Öffentlicher Dienst in NRW: BVerfG kippt Alters­vorgaben für Beamten­einstel­lung

28.05.2015

Bei der Einstellung von Beamten können Altershöchstgrenzen festgelegt werden - aber nicht durch die bisher in NRW geltenden Regelungen. Die sind in der aktuellen Formulierung verfassungswidrig, entschied das BVerfG.

Die Regelungen der Laufbahnverordnung vom 30. Juni 2009, nach denen die Einstellung von Beamten aufgrund des erreichten Lebensalters verweigert werden kann, verstoßen gegen Art. 33 Abs. 2  Grundgesetz (GG). § 5 Abs. 1 des Landesbeamtengesetz Nordrhein-Westfalen (LBG NRW) stellt keine hinreichend bestimmte Verordnungsermächtigung zur Festsetzung von Einstellungshöchstaltersgrenzen dar. Dies hat der Zweite Senat des Bundesverfassungsgerichts (BVerfG) entschieden (Beschl. v. 21.04.2015, Az. 2 BvR 1322/12, 2 BvR 1989/12). Gleichzeitig stellten die Richter klar, dass der Gesetzgeber unter bestimmten Voraussetzungen Altershöchstgrenzen für die Einstellung von Beamten grundsätzlich festlegen darf.

Geklagt hatten zwei angestellte Lehrkräfte an öffentlichen Schulen in Nordrhein-Westfalen.

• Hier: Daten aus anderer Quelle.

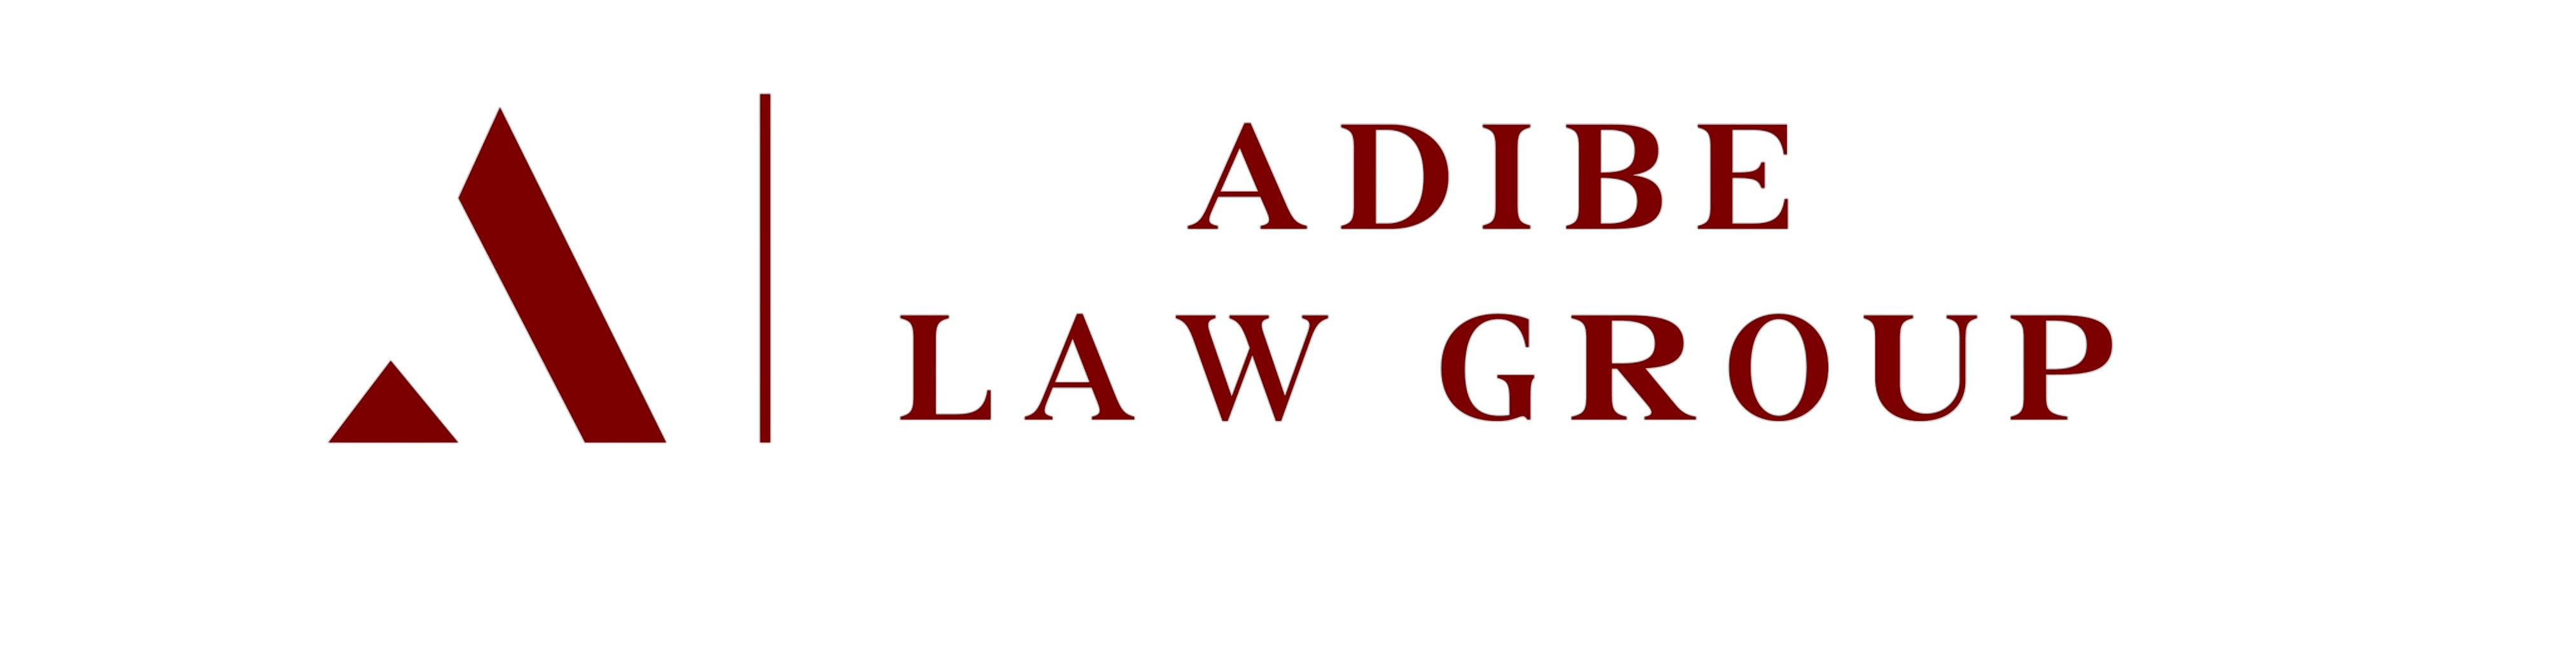 Adibe law group logo

Beide Kläger waren zunächst als angestellte Lehrer beschäftigt, bevor sie 2009 den Antrag auf Übernahme in das Beamtenverhältnis auf Probe stellten. Dabei hatten sie das 40. Lebensjahr bereits vollendet und damit die nach der maßgeblichen Laufbahnverordnung geltende Altersgrenze für die Einstellung überschritten. Bis zu welchem Höchstalter Bewerber in das Beamtenverhältnis übernommen werden dürfen, ist in Bund und Ländern unterschiedlich geregelt.

Die Bezirksregierung lehnte ihre Anträge daher aus Altersgründen ab. Ihre Klagen vor den Verwaltungsgerichten blieben ohne Erfolg. Der Senat hat nun beiden Verfassungsbeschwerden stattgegeben und die Verfahren zur erneuten Entscheidung an das Bundesverwaltungsgericht zurückverwiesen.

Gesetzgeber hat sich keine Gedanken gemacht

Altershöchstgrenzen bei der Einstellung schließen ältere Bewerber regelmäßig ohne Rücksicht auf Eignung, Befähigung und fachliche Leistung vom Beamtenverhältnis aus. Daher führten sie zu einer Ungleichbehandlung von einiger Intensität, so die Bundesrichter. Da sie Zugangsbedingungen zum Beamtenverhältnis festlegen, komme ihnen - ebenso wie Ruhestandsgrenzen - statusbildende Funktion zu. Daher stellten sie einen schwerwiegenden Eingriff in Art. 12 Abs. 1 GG und grundsätzlich auch in Art. 33 Abs. 2 GG dar, wobei das Beamtengrundrecht eine die Berufswahlfreiheit ergänzende Regelung treffe.

Art 33 Abs. 2 GG gewährleiste jedem Deutschen unbeschränkt und vorbehaltlos das Recht auf gleichen Zugang zu jedem öffentlichen Amt nach Eignung, Befähigung und fachlicher Leistung. Daher könne dieses Grundrecht nur durch verfassungsimmanente Schranken begrenzt werden, begründeten die Richter ihre Entscheidung. Es sei daher vorrangig Aufgabe des Parlamentsgesetzgebers, die Abwägung und den Ausgleich zwischen dem Leistungsgrundsatz des Art. 33 Abs. 2 GG und anderen in der Verfassung geschützten Belangen vorzunehmen. Denn das Rechtsstaats- und das Demokratiegebot verpflichteten den Gesetzgeber, die für die Grundrechtsverwirklichung maßgeblichen Regelungen im Wesentlichen selbst zu treffen und diese nicht der Exekutive zu überlassen.

Die pauschale Ermächtigung zur Regelung des Laufbahnwesens der Beamten in § 5 Abs. 1 Satz 1 LBG genüge den verfassungsrechtlichen Anforderungen an eine hinreichend bestimmte Ermächtigungsgrundlage daher nicht. Weder die Norm selbst noch ihr systematischer Zusammenhang mit anderen Vorschriften noch die Gesetzgebungsmaterialien ließen erkennen, dass der nordrhein-westfälische Gesetzgeber sich Gedanken über die Einführung von Einstellungshöchstaltersgrenzen und ihre grundrechtliche Eingriffsrelevanz gemacht hat. Es fehle daher bereits im Ansatz an einer parlamentarischen Leitentscheidung.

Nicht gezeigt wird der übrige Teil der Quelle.